It’s the last slide on the pitch deck for a reason. We’ll raise all this money, build this amazing business and then we’ll sell it and everyone will take their money. Simple as that. What will the founders do next? Who cares.
I find it baffling that we have so little discussion about what happens to founders after an exit. There’s no right way to navigate the transition, and no matter whether the payout you get means you’re set up for life or not, at some point you’re fully out, and have to face the question of ‘what next?’
In my own experience and from hearing the experiences of my peers, nobody seems to get it quite right (I wrote previously about how many founders are unhappy with their exits).
After I exited Sanctus, the coaching company I launched in 2016, I felt anxious from day one. Seeing more cash than I’d ever seen before in my personal account did nothing for me.
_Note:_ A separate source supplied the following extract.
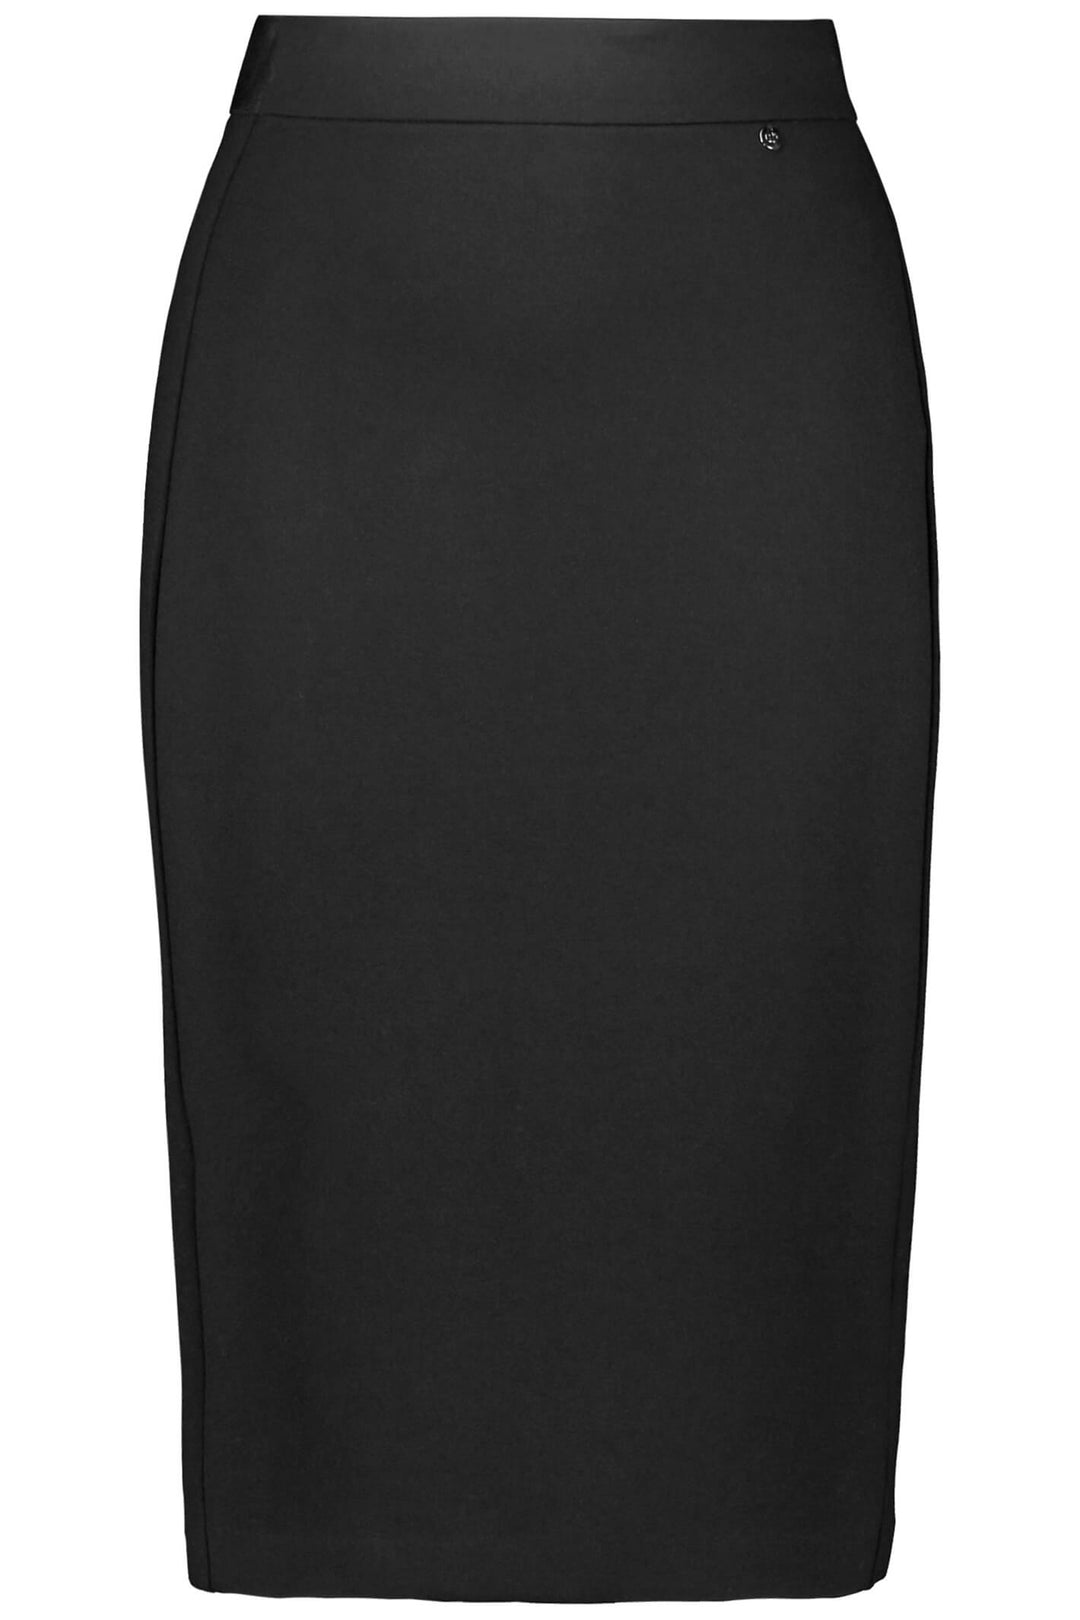 Gerry Weber 111022-66311 Black Knee Length Pull-On Pencil Skirt - Dotique Chesterfield

Rationally my brain was trying to tell me that I could relax and breathe easy, but emotionally I was already ill at ease about what I’d do next.
It annoyed me watching other people play around with the business I started.
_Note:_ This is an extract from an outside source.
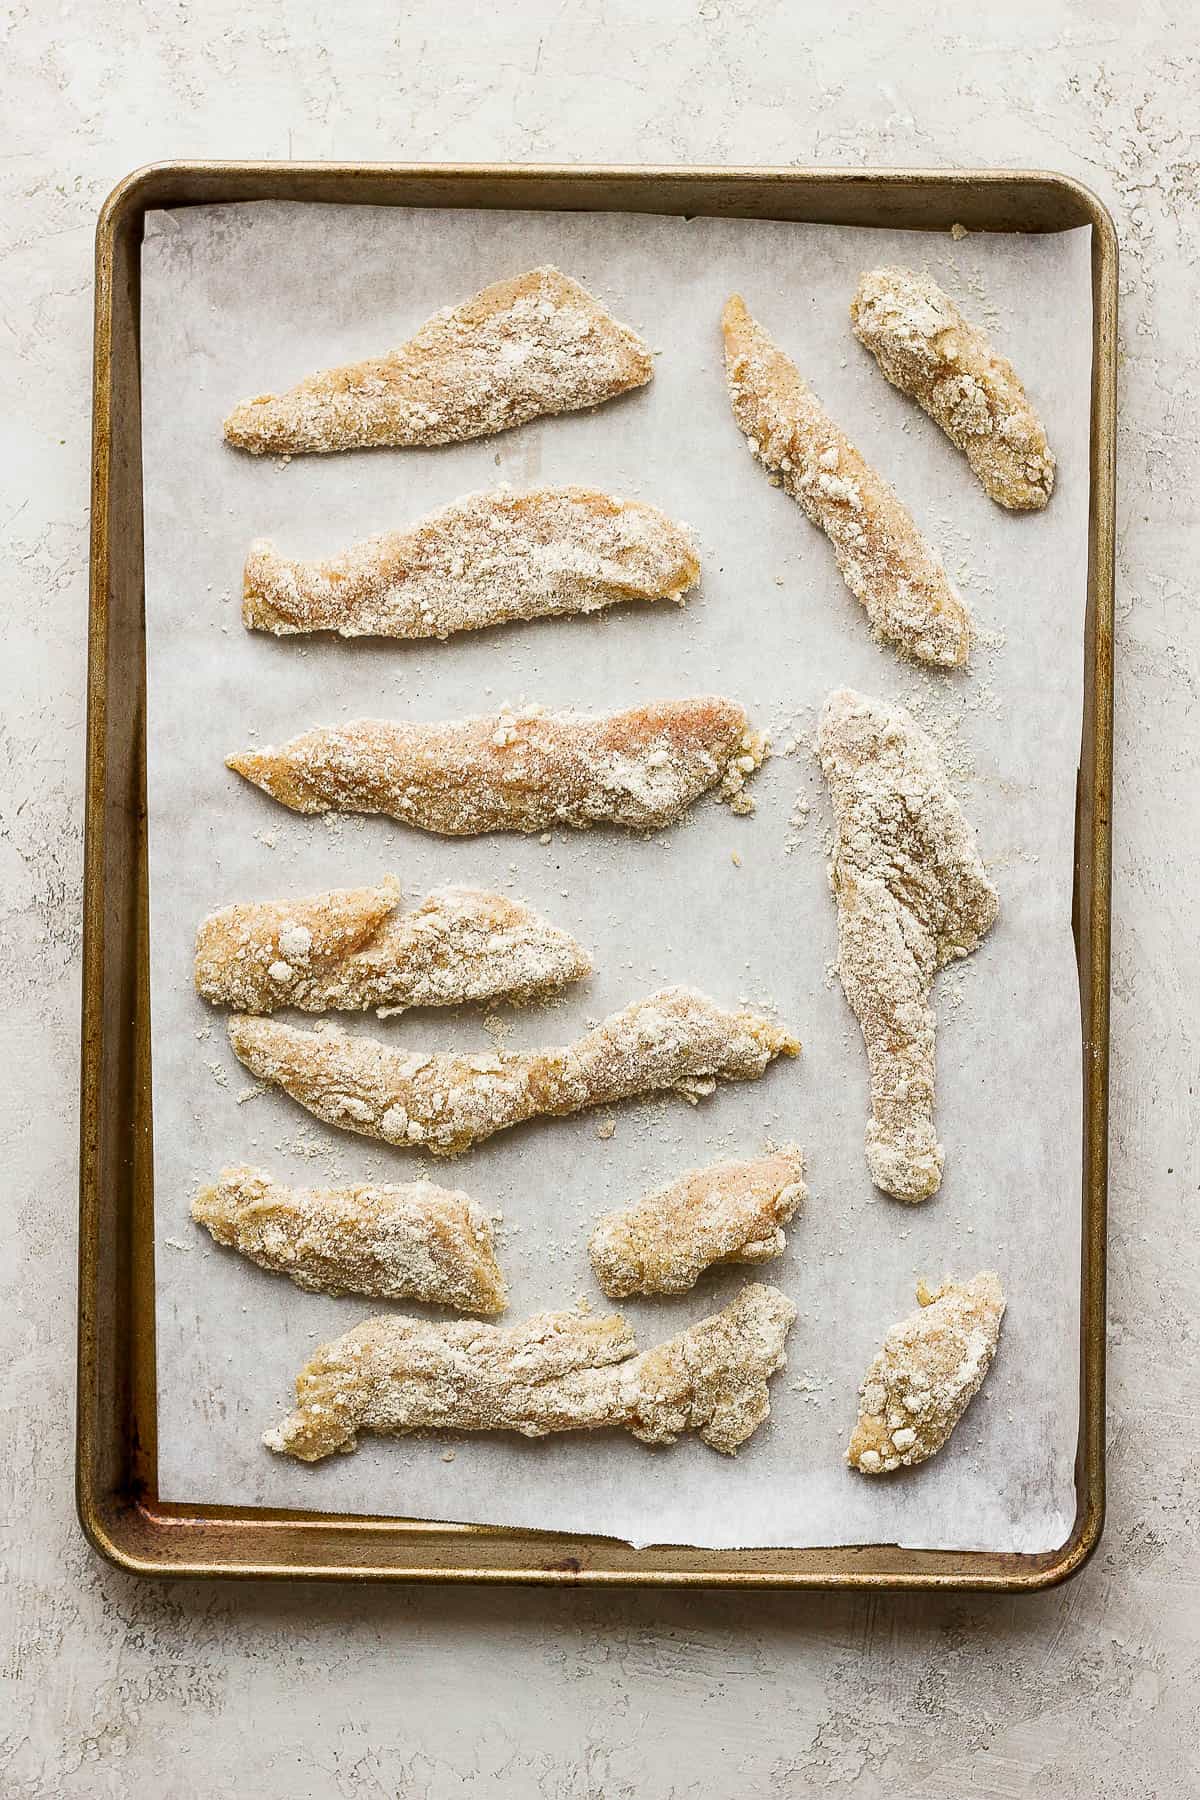 Chicken tenders on a parchment-lined baking sheet before baking.

Some founders have a really clean break. Others stick around for a while. Some end up half in and half out. I stayed on the board of Sanctus for a couple of years in an ‘advisory’ role. It didn’t suit me at all. It annoyed me watching other people play around with the business I started.
I fell into my next opportunity — to write a masters in entrepreneurship course with University of Staffordshire — I took a break and went travelling for four months with my wife. But even though I was only doing a couple of calls a week, I was still on. I checked my emails every day, I was still stressed. I took heed of absolutely none of the advice I would give to others.
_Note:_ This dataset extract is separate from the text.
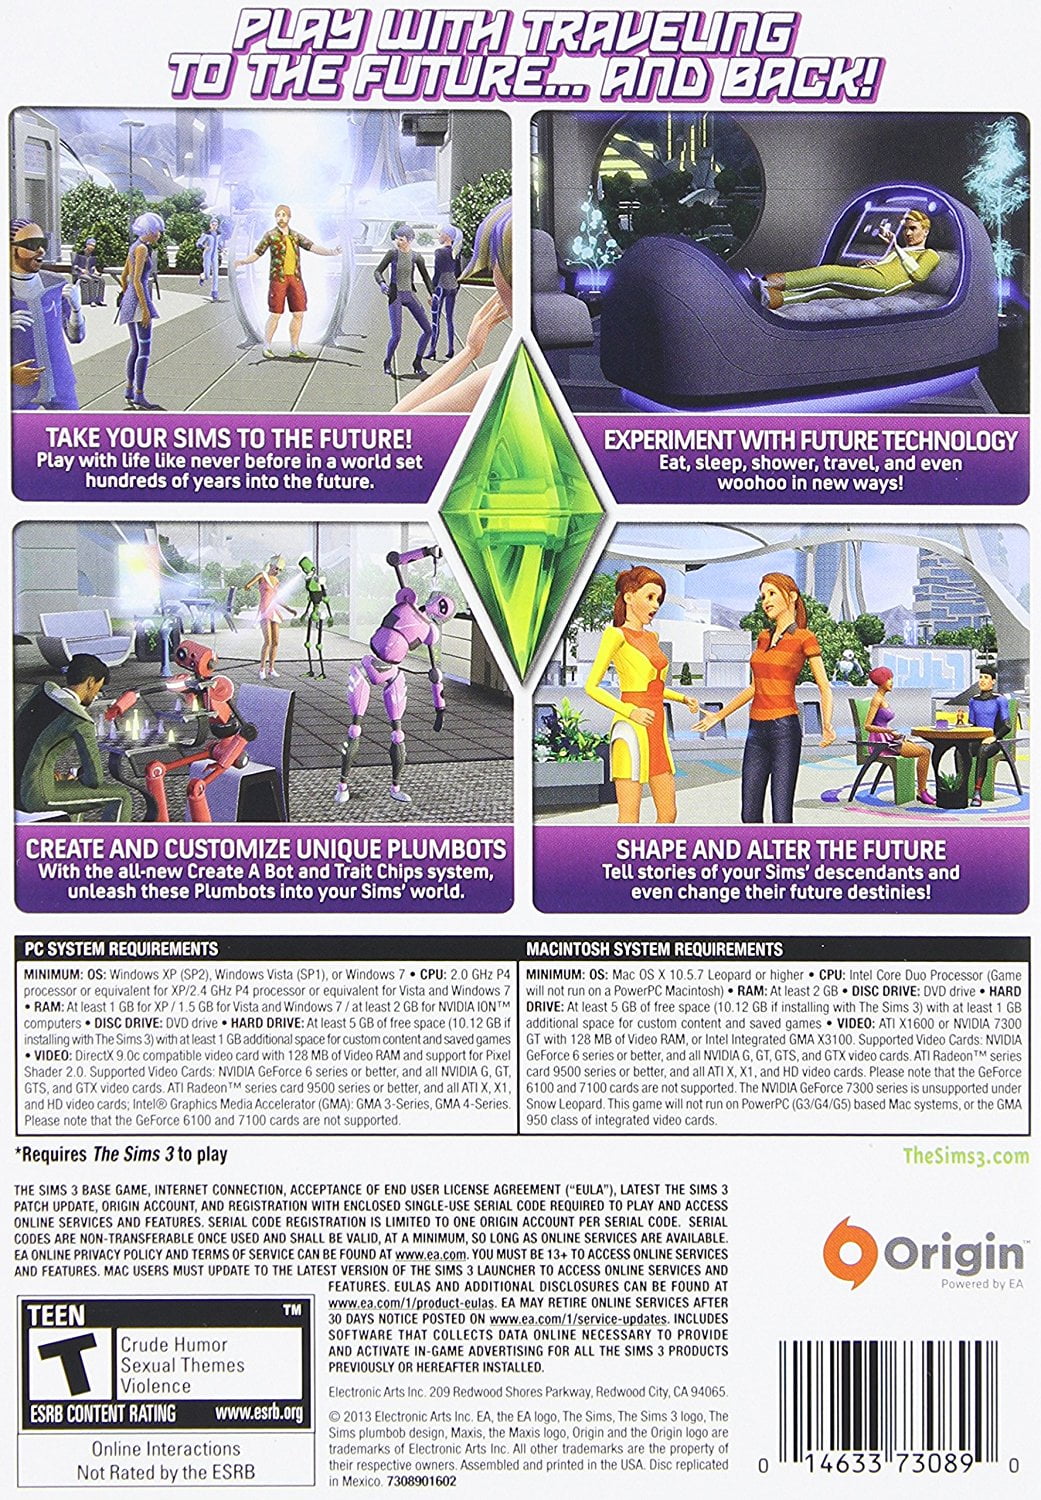 Sims 4 Get Together Expansion Pack PC MAC DVD-ROM Origin Maxis EA Rated T  Teen

You can get away with not entering these deep periods of dark unknown as a founder.
Now that long term contract I got off the back of my exit is coming to an end, the void I’ve avoided is in front of me again. It’s vulnerable and exposing, because I’ve always been someone who’s set out a clear path and walked it. That’s a big part of the founder energy — telling the people around you exactly what you are going to do and just doing it. Yet I know I truly need to enter a period in my life after 13 years in startups where I genuinely, hand on heart, do not know what I want to do or what will come out of it.
You can get away with not entering these deep periods of dark unknown as a founder. You can bounce from one mission to another, one startup to the next. Some seem to be able to do that. Yet most founders I know, especially the ones that seem content as serial founders need a period to totally disconnect and then a period of transition before they go again (if at all).
With that in mind, this is what I’ll do differently, and what I recommend other founders to do after an exit.
- Have a clean break. Personally I wouldn’t take a board seat in the company I sold. Unless it was part of my package and I had to. I found the grey area of “am I in or am I out” too confusing.
- Get a new email address and spend time migrating everything over to it.
- Have a good leaving party/goodbye ceremony. It was Covid and I never did this. I hugely regret it.
- Take a proper break. Depending on your cash situation, take a clearly defined period of time totally off. I mean completely, fully off everything. Social media, email, work.
- Take transition time. The transition is different from the break. The break is a full reset. The transition is the corridor into the next bit. Again, you can give yourself a clear amount of time here. You can be more active during this period though — play with new technology, learn new skills, connect with your network, do some paid work, do some pro bono work, write, play, think, read.
- Do stuff you’ve been putting off. Get married. Have a birthday party. Visit that Aunty. Go to Patagonia. Use the time to get back to yourself again and away from the founder identity you had.
- Keep structure. Meditation, gym run, walk — whatever it is — use the structure of wellbeing practices so that you don’t get lost in limbo and you still have something to get up for everyday.
Remember, the exit isn’t the end. It’s a new beginning. How to navigate these new beginnings is just as important as getting to the end and exiting.